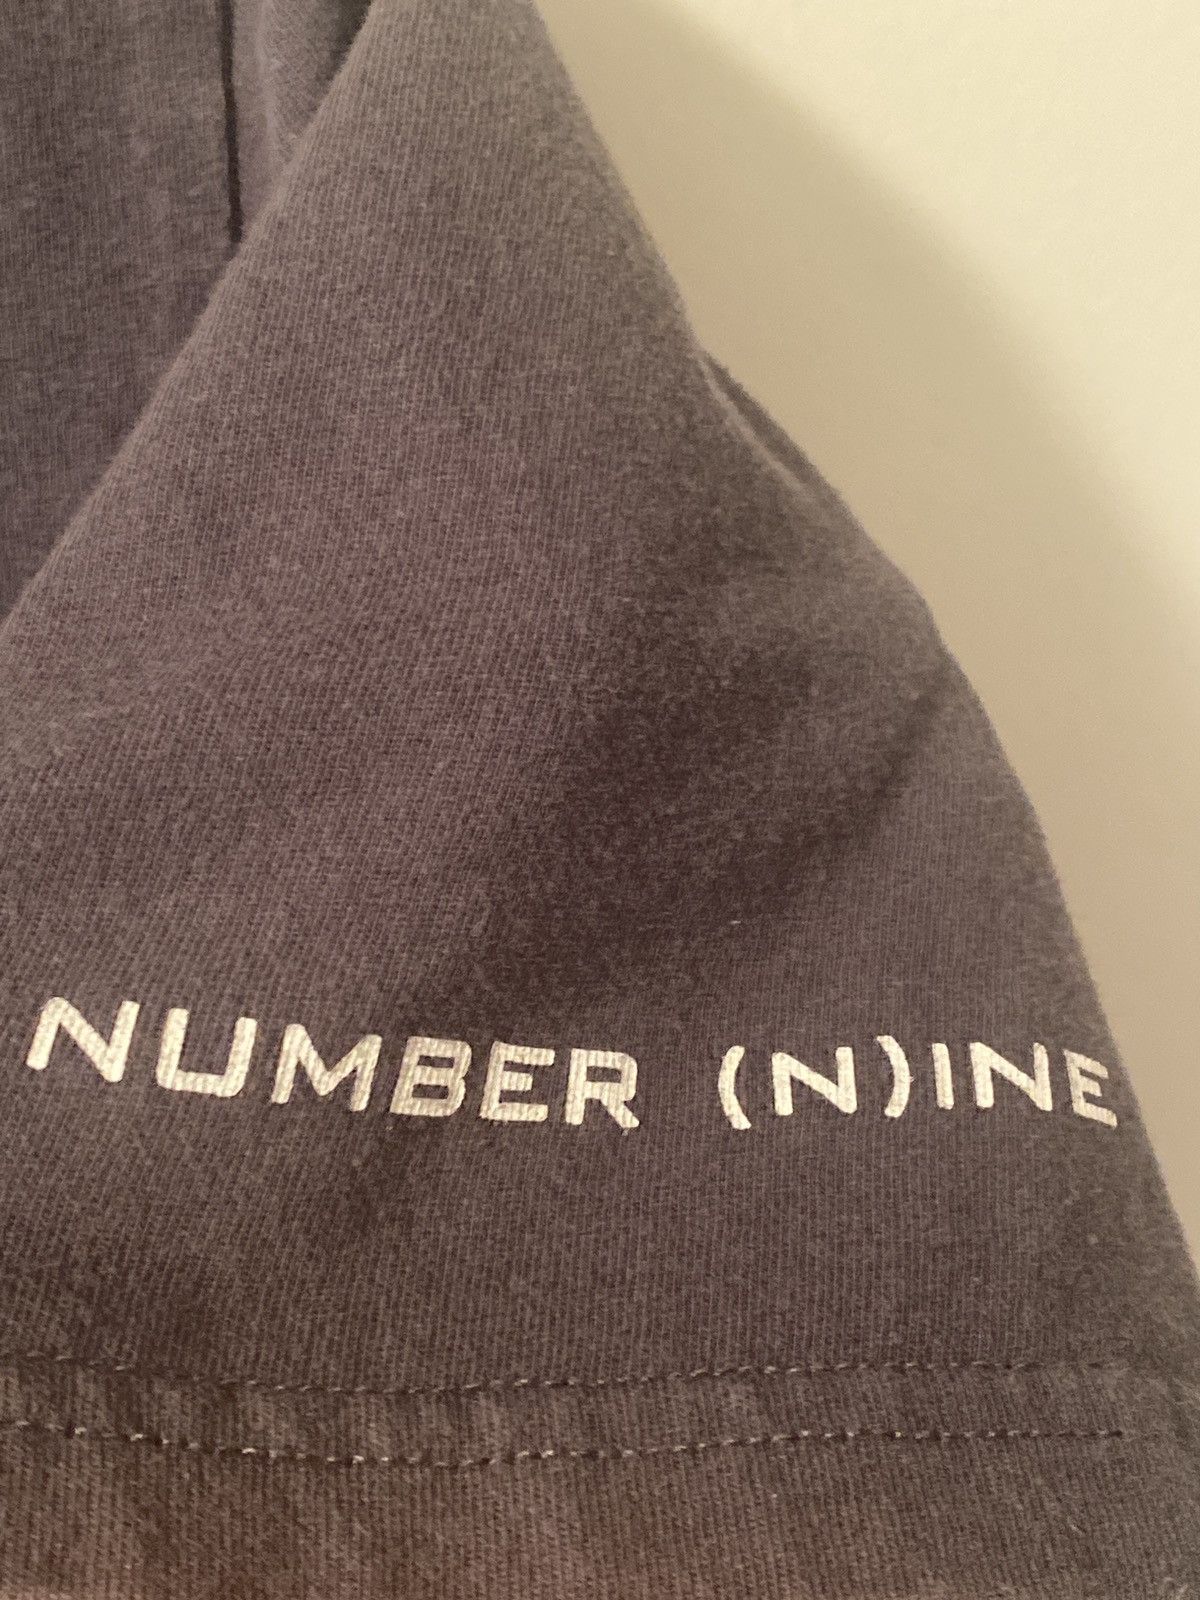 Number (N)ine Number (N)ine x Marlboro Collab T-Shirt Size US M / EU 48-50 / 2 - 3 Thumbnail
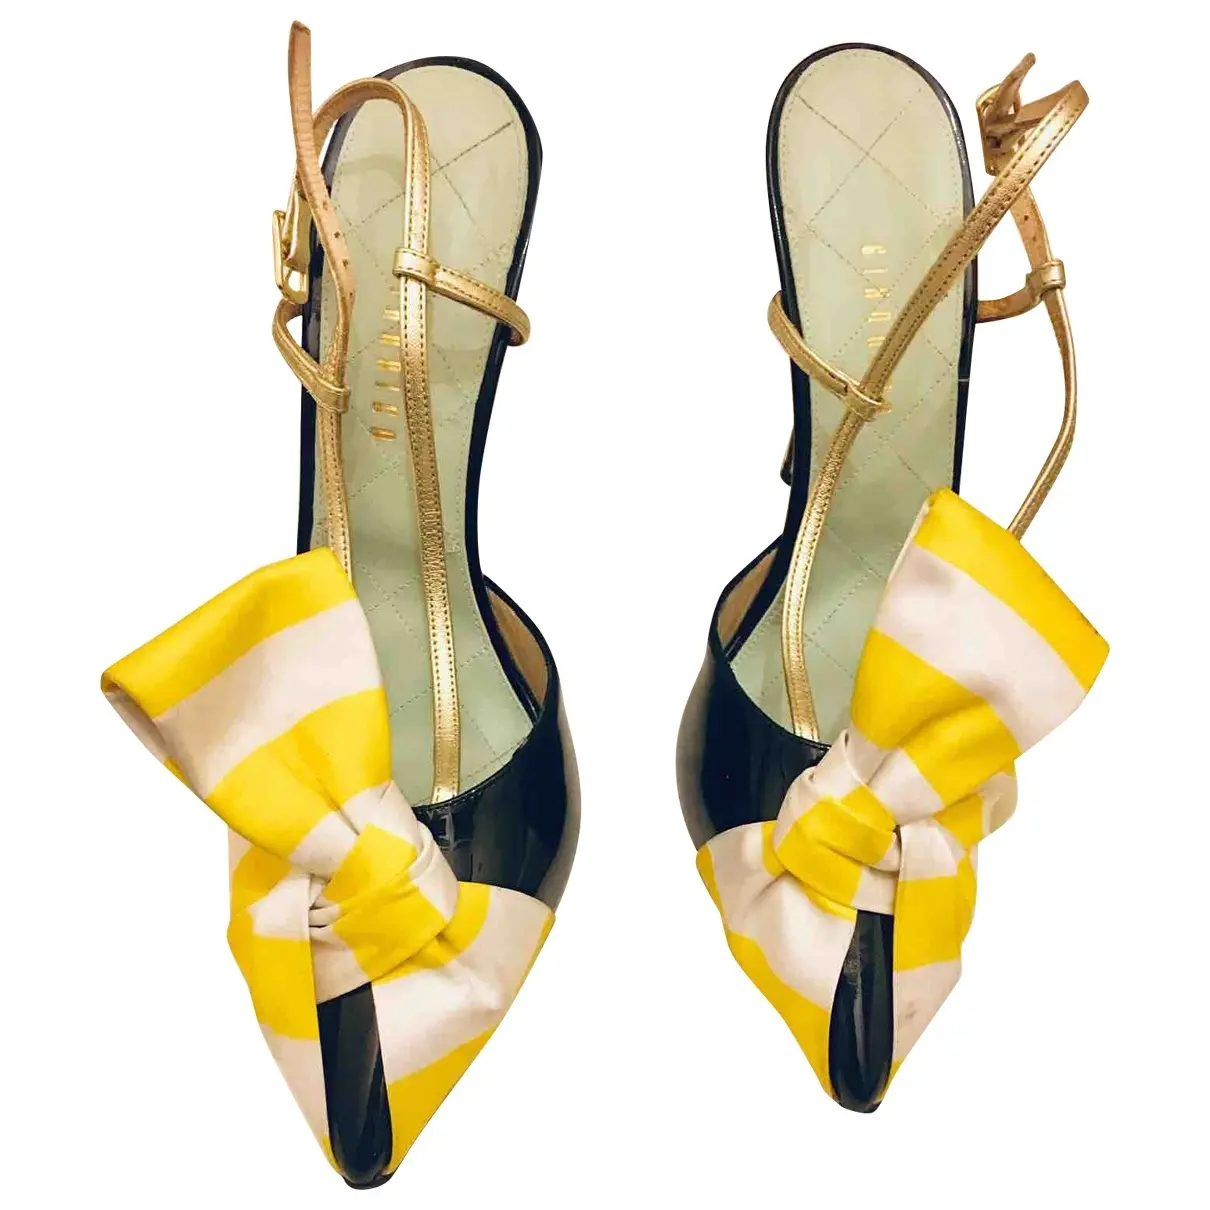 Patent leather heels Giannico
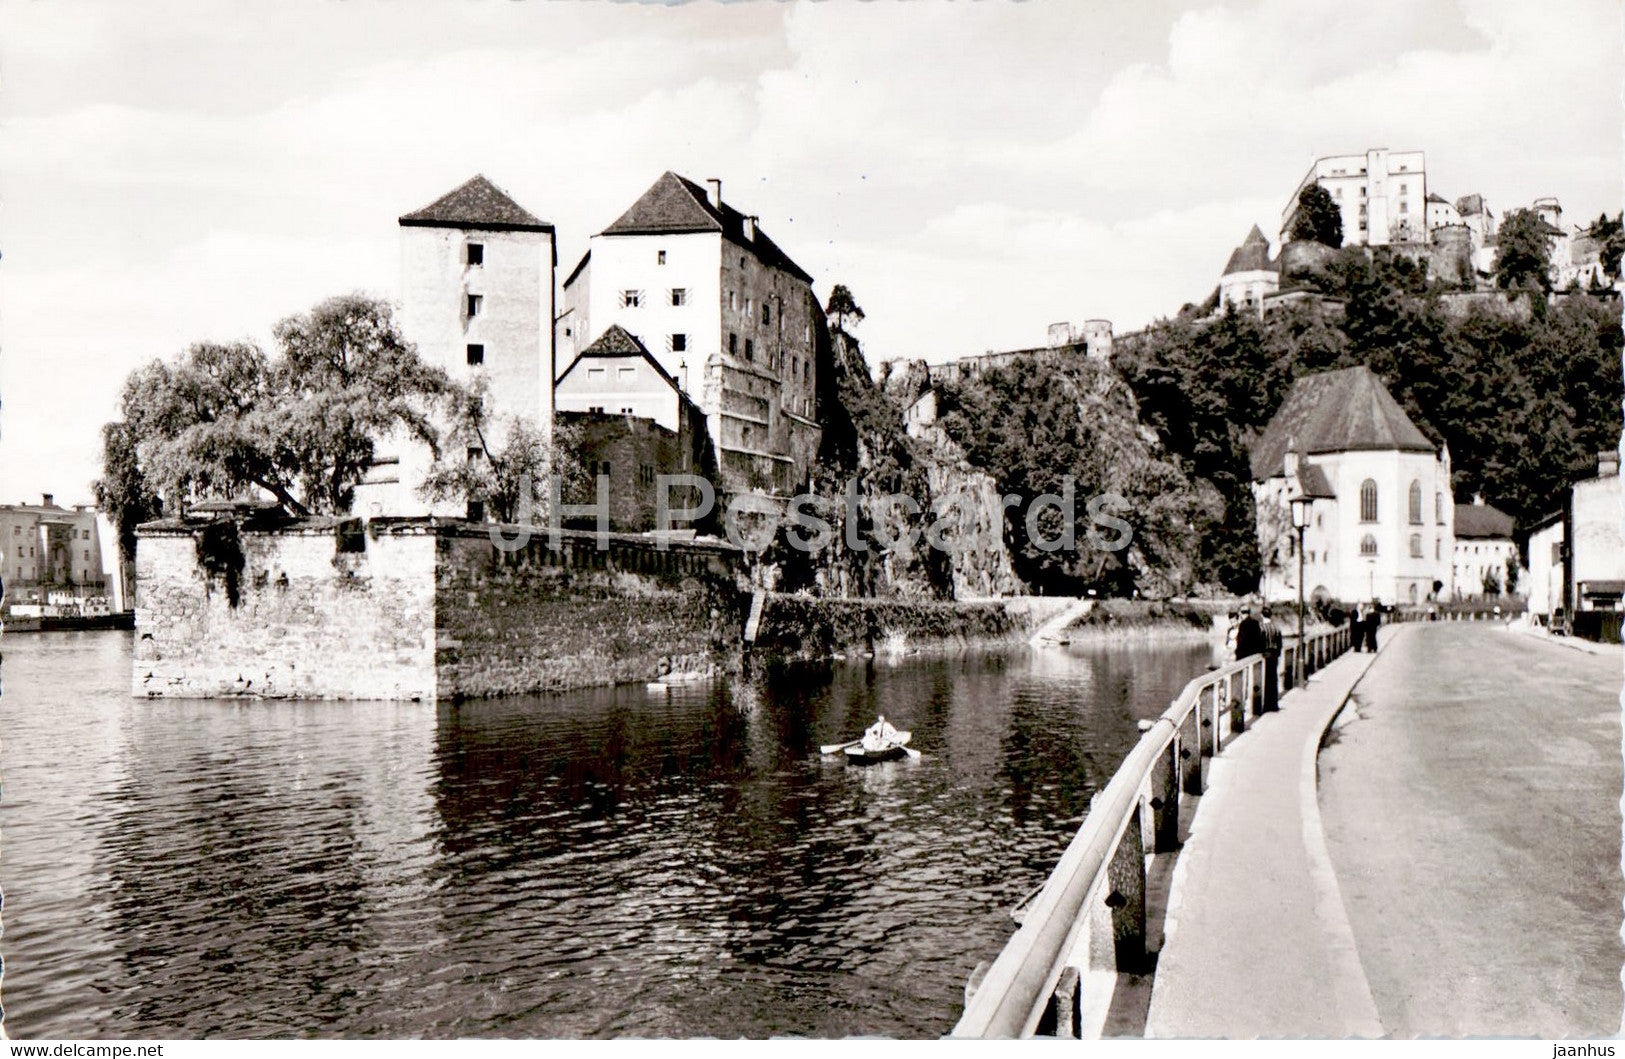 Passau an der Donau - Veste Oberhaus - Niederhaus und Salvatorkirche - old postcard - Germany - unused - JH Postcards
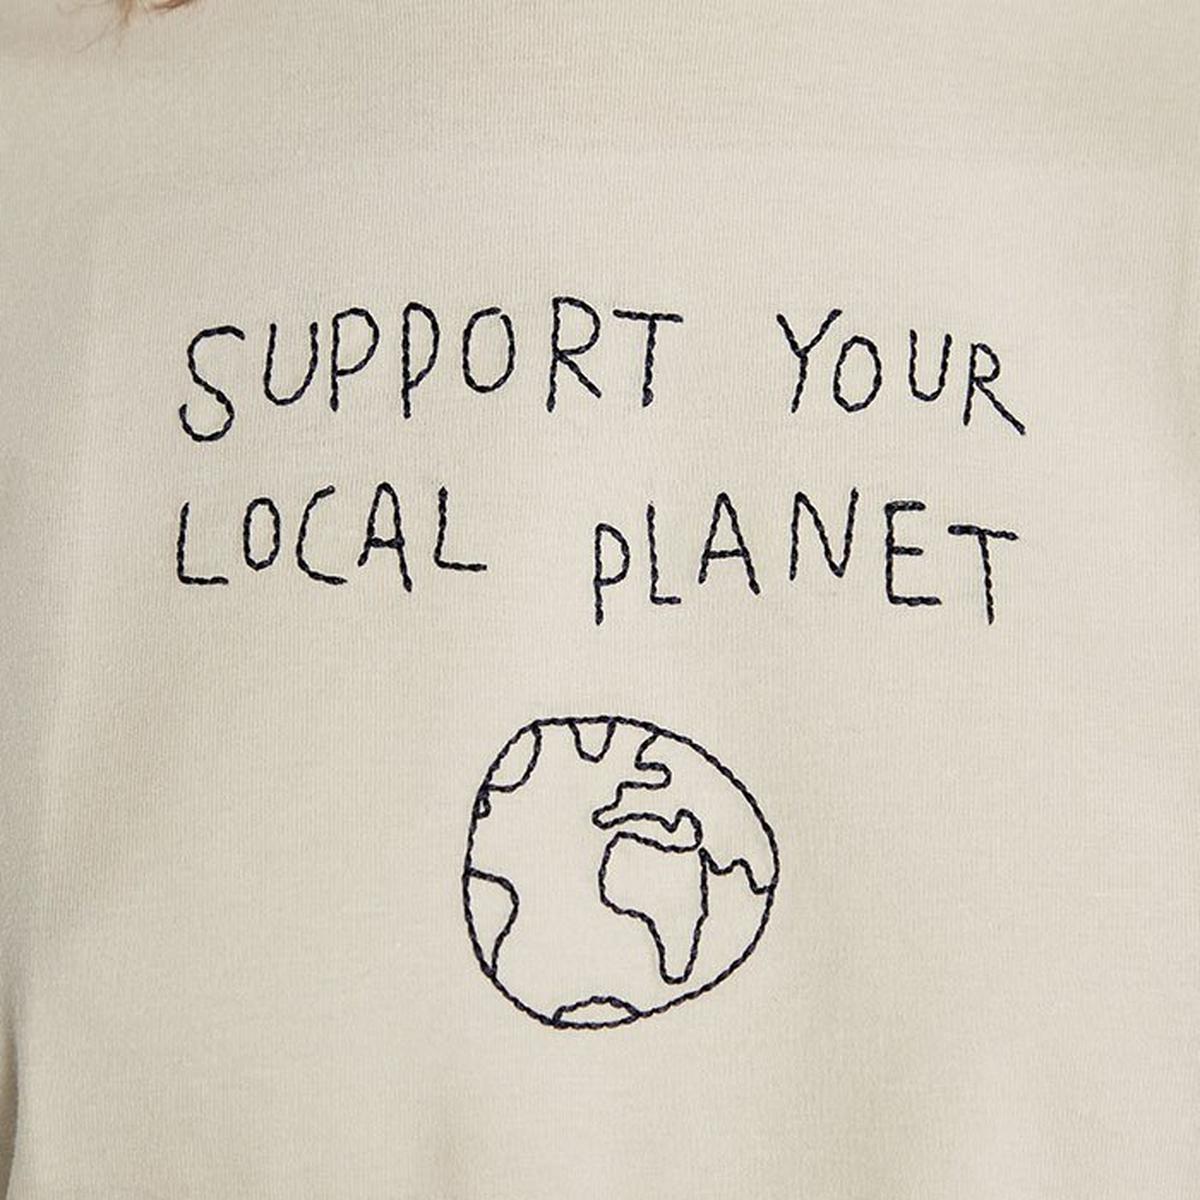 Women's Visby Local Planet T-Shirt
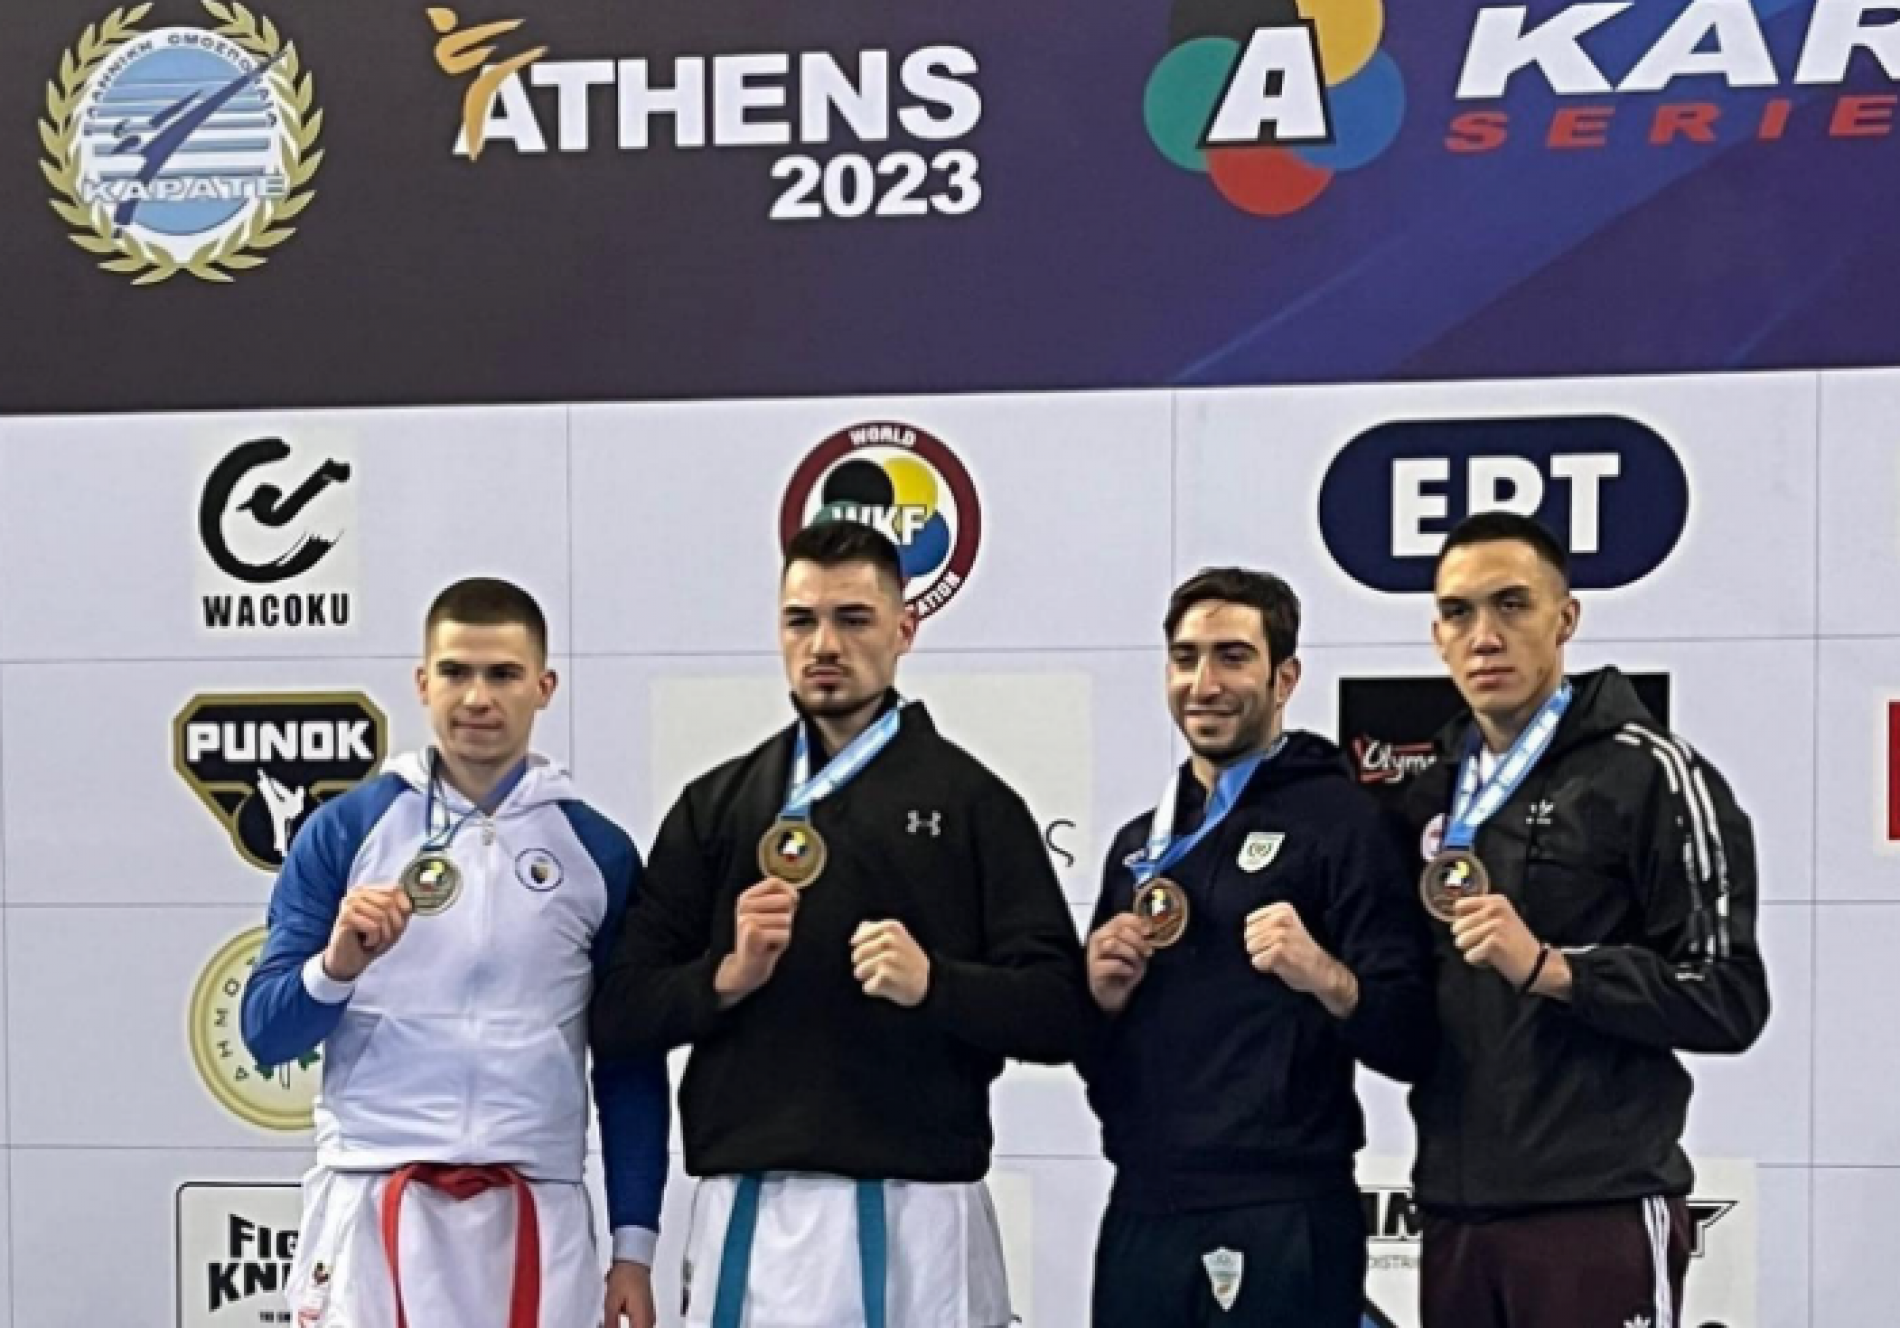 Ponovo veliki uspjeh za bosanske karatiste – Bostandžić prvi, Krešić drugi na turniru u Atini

Work request | Everything in the records above must be repeated exactly, except the pictures.

Solution for this exercise |
 Number (N)ine Number (N)ine x Marlboro Collab T-Shirt Size US M / EU 48-50 / 2 - 3 Thumbnail
 Patent leather heels Giannico
 Passau an der Donau - Veste Oberhaus - Niederhaus und Salvatorkirche - old postcard - Germany - unused - JH Postcards
 Women's Visby Local Planet T-Shirt
 Ponovo veliki uspjeh za bosanske karatiste – Bostandžić prvi, Krešić drugi na turniru u Atini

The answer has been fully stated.